# Pseudo-Anosov map

In mathematics, specifically in topology, a pseudo-Anosov map is a type of a diffeomorphism or homeomorphism of a surface. It is a generalization of a linear Anosov diffeomorphism of the torus. Its definition relies on the notion of a measured foliation introduced by William Thurston, who also coined the term "pseudo-Anosov diffeomorphism" when he proved his classification of diffeomorphisms of a surface.

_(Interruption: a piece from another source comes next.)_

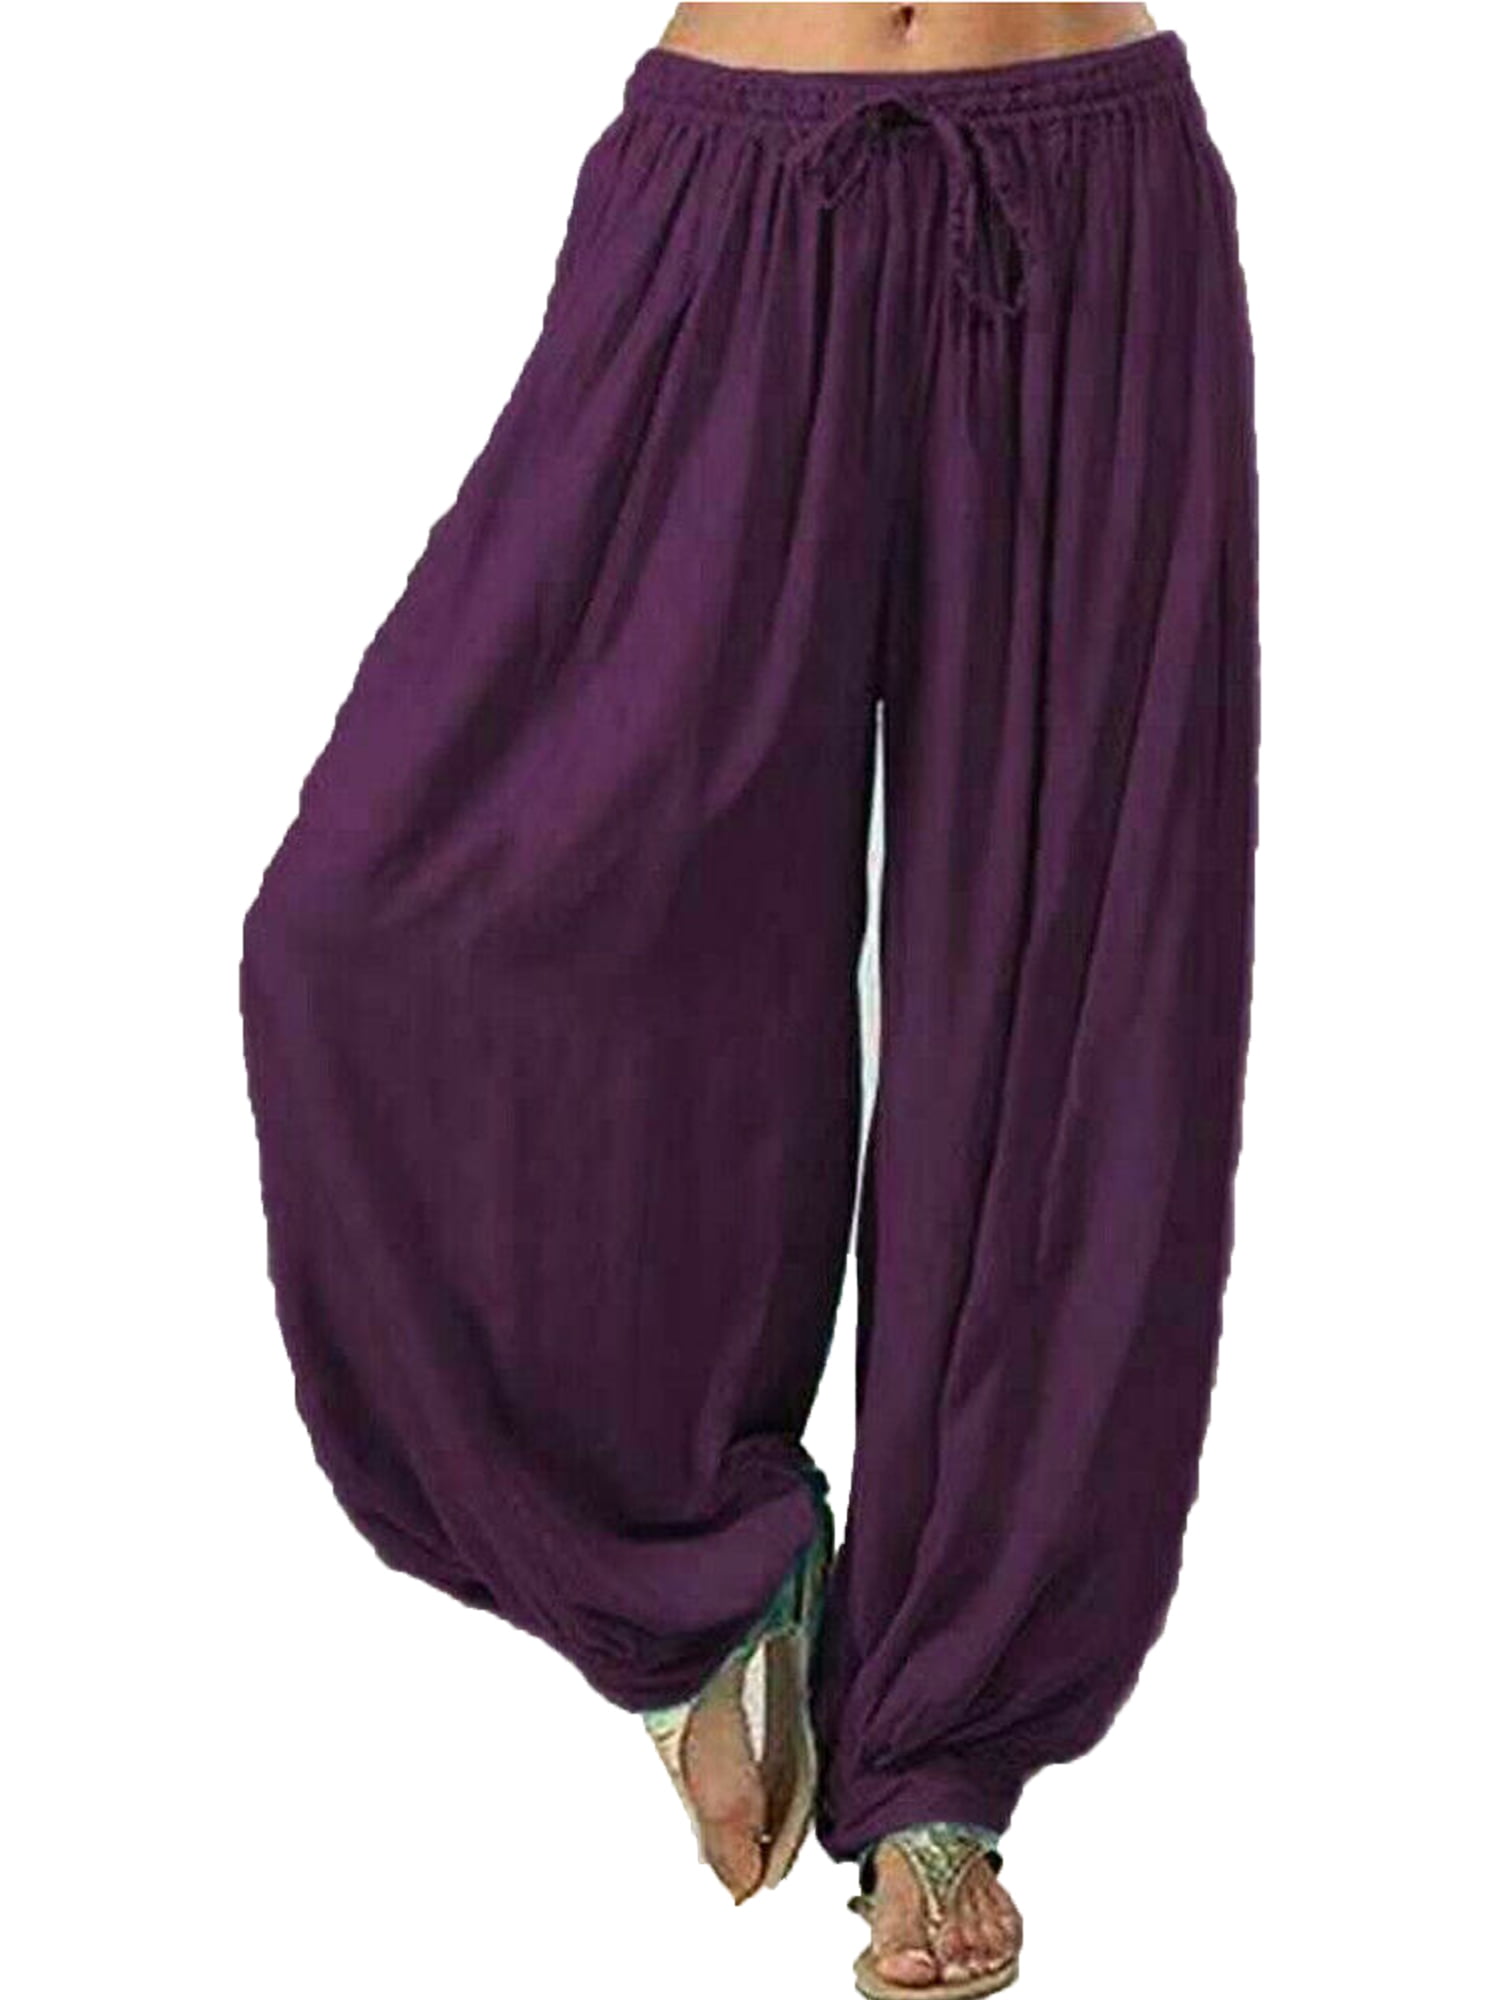 Pudcoco Women Ladies Casual Cotton Yoga Dance Long Pants Slacks ...

## Definition of a measured foliation

A measured foliation F on a closed surface S is a geometric structure on S which consists of a singular foliation and a measure in the transverse direction. In some neighborhood of a regular point of F, there is a "flow box" φ: UR2 which sends the leaves of F to the horizontal lines in R2. If two such neighborhoods Ui and Uj overlap then there is a transition function φij defined on φj(Uj), with the standard property

${\displaystyle \phi _{ij}\circ \phi _{j}=\phi _{i},}$

which must have the form

${\displaystyle \phi (x,y)=(f(x,y),c\pm y)}$

for some constant c. This assures that along a simple curve, the variation in y-coordinate, measured locally in every chart, is a geometric quantity (i.e. independent of the chart) and permits the definition of a total variation along a simple closed curve on S. A finite number of singularities of F of the type of "p-pronged saddle", p≥3, are allowed. At such a singular point, the differentiable structure of the surface is modified to make the point into a conical point with the total angle πp. The notion of a diffeomorphism of S is redefined with respect to this modified differentiable structure. With some technical modifications, these definitions extend to the case of a surface with boundary.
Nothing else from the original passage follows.